◆ **WORK TASK**
Transcribe exactly, leaving out pictures, the lines from the one that holds "collazen-collagen-monodose-slider" through the end of the data below, including both end lines and no others.

◆ **GIVEN MATERIAL**
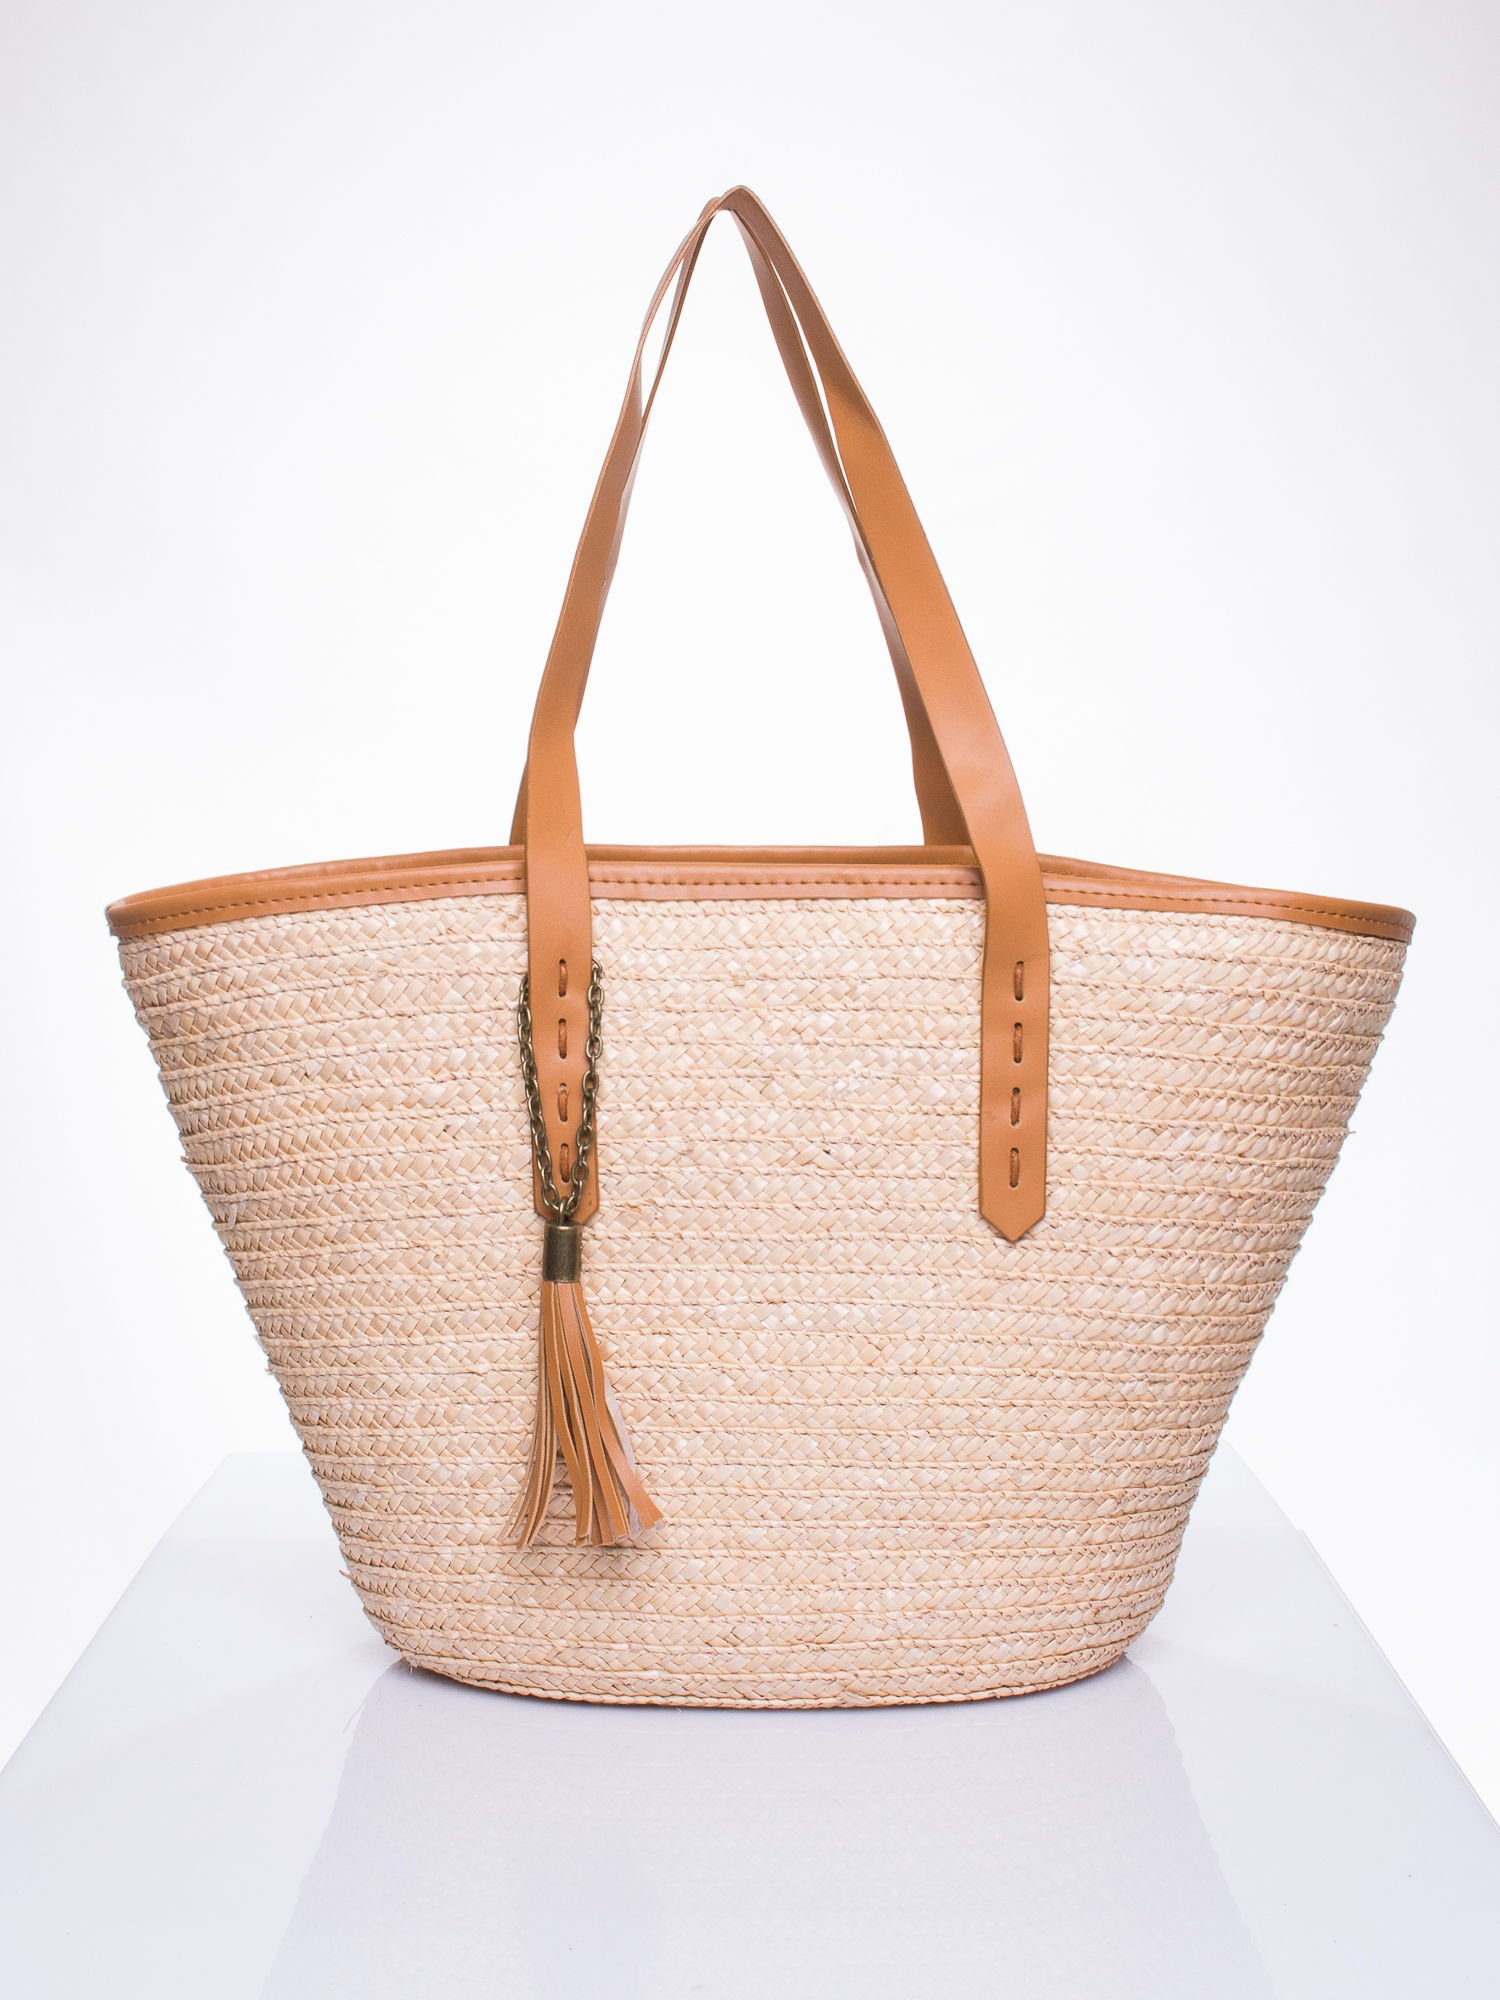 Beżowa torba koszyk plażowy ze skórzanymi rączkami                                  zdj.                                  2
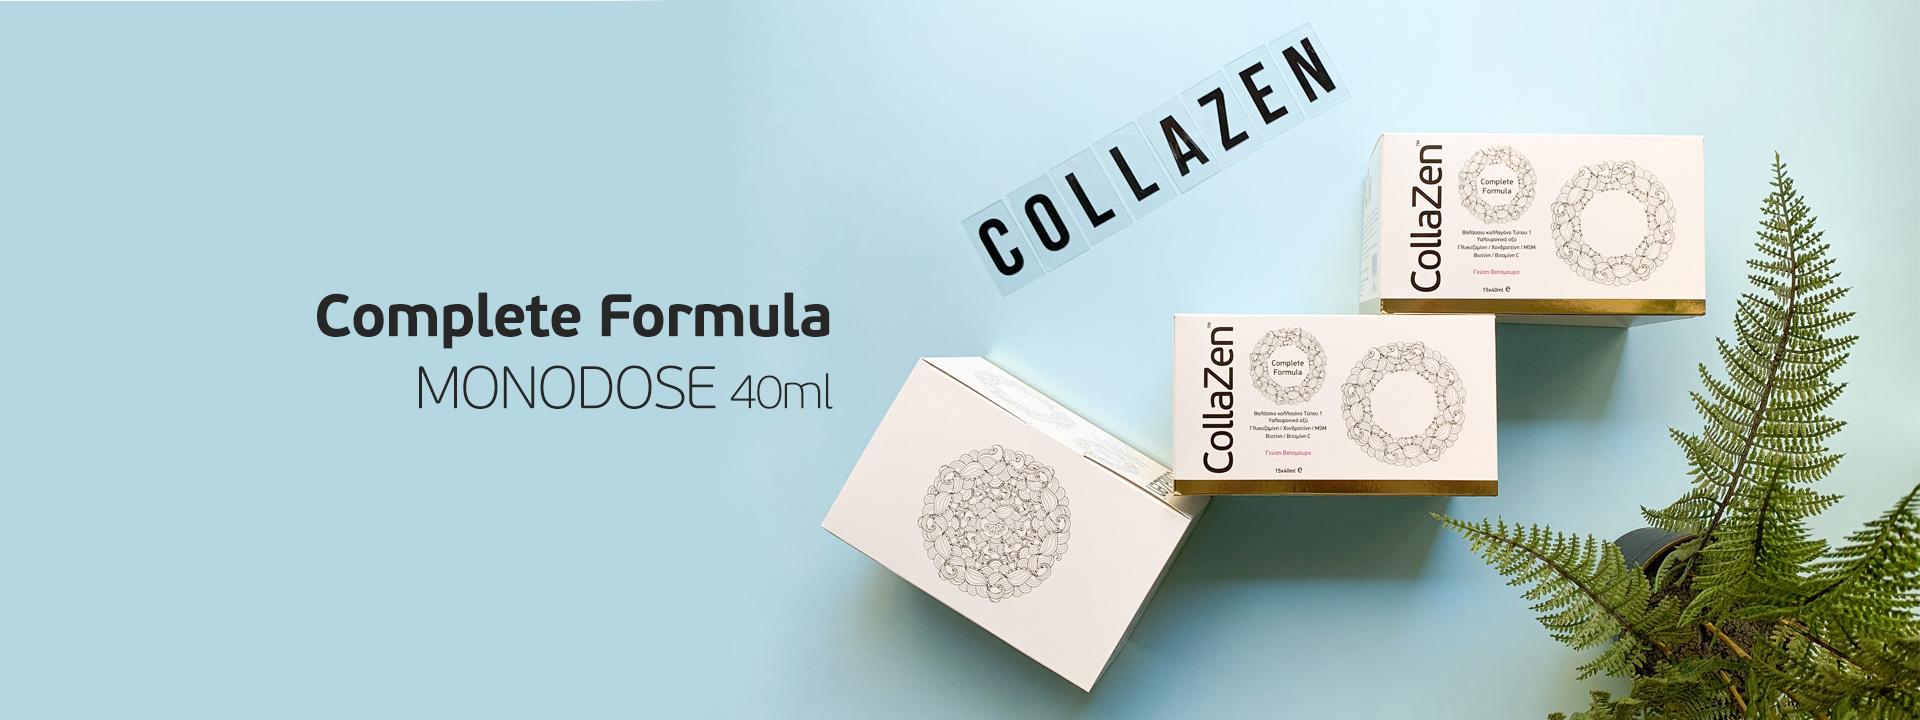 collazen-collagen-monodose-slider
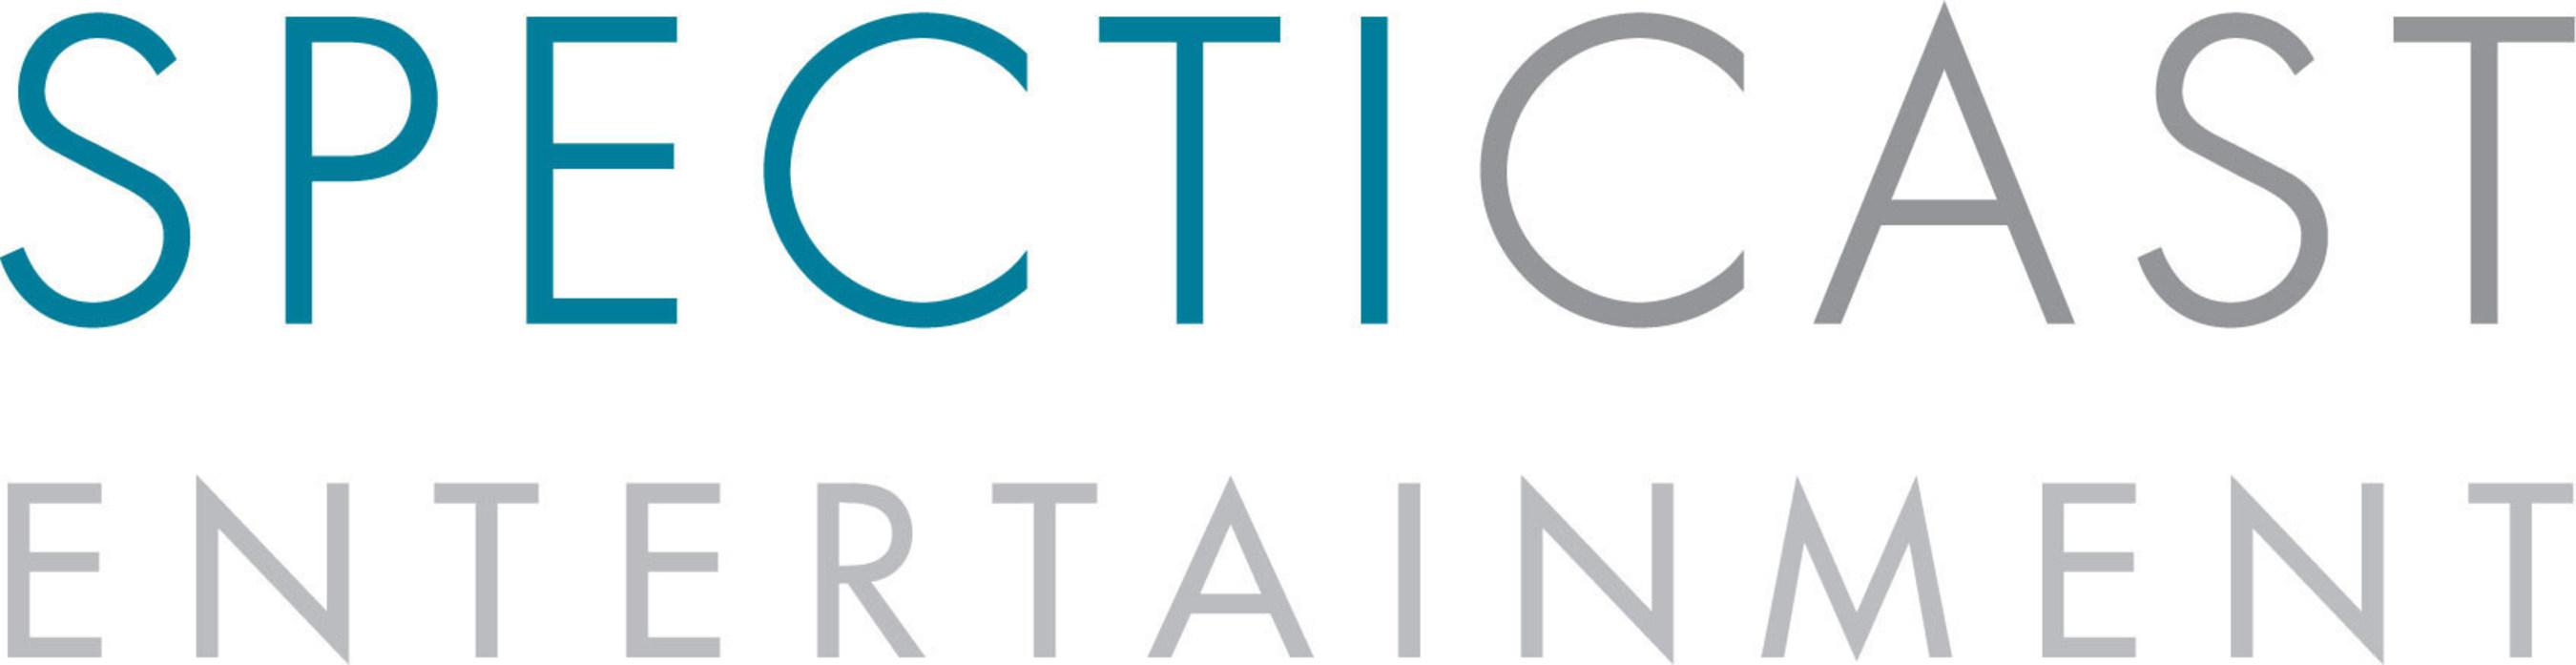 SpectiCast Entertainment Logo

◆ **SOLUTION**
 collazen-collagen-monodose-slider
 SpectiCast Entertainment Logo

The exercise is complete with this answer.